WHAT THIS TASK INVOLVES = For the records below, print the lines from the line with "Persone attraversando ponte" through the line with "Elephants In The Okavango Delta In Botswana" exactly as written; include both end lines and exclude the rest.

PROVIDED DATA =
########
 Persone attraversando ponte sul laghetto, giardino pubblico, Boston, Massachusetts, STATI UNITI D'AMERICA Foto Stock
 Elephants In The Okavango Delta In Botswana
########
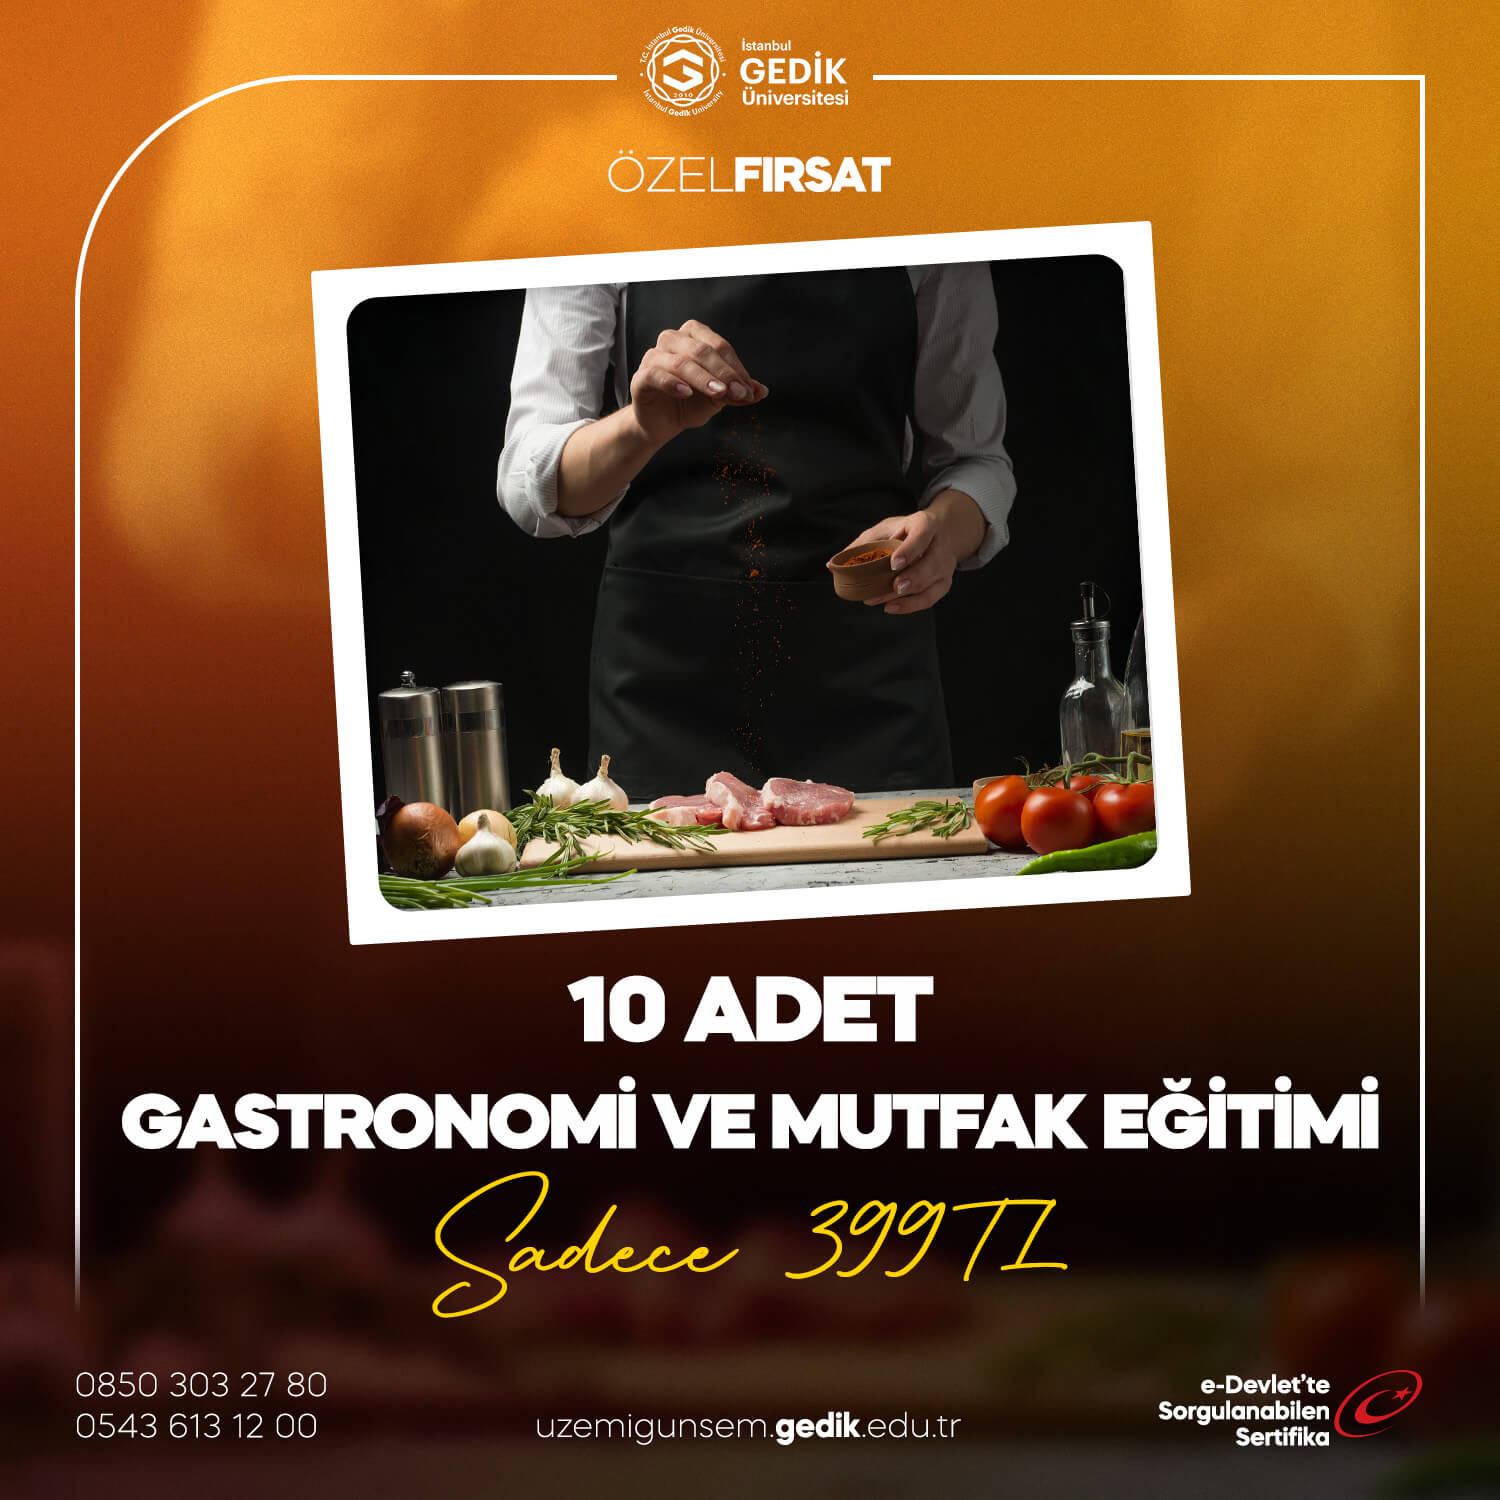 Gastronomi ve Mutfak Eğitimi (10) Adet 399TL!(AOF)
########
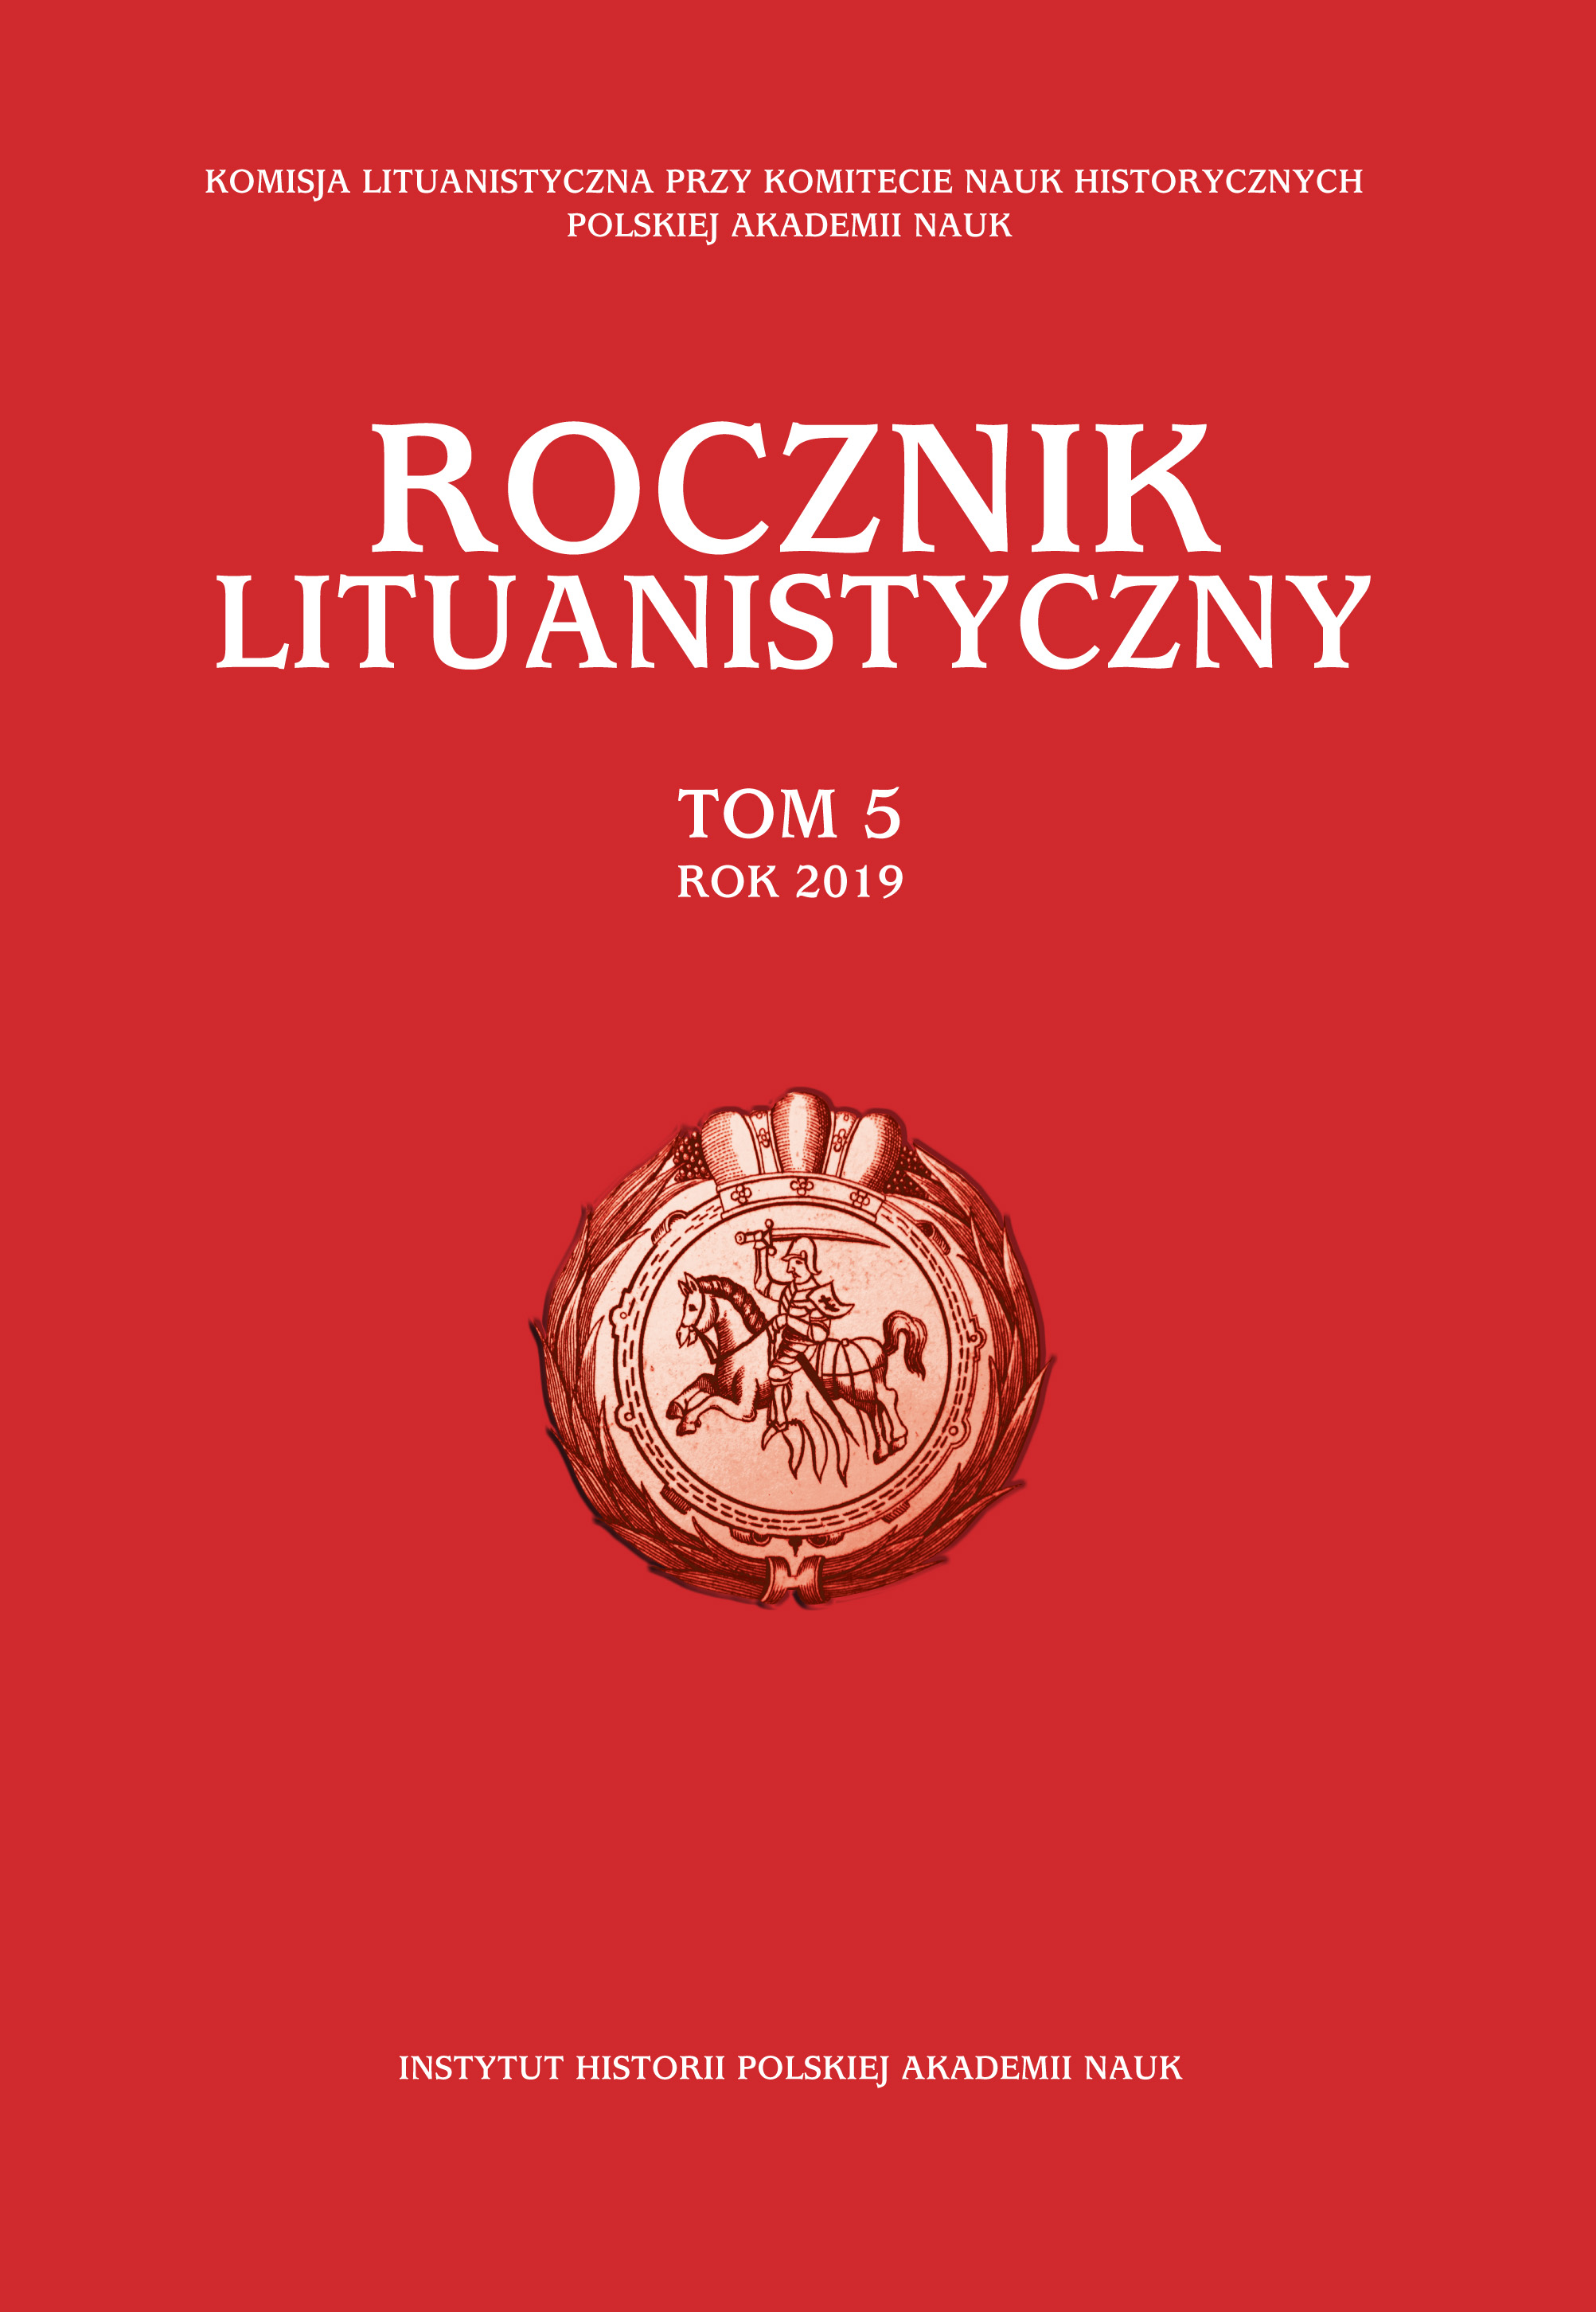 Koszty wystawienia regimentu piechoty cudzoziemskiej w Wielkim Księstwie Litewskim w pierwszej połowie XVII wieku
########
REPLY =
 Persone attraversando ponte sul laghetto, giardino pubblico, Boston, Massachusetts, STATI UNITI D'AMERICA Foto Stock
 Elephants In The Okavango Delta In Botswana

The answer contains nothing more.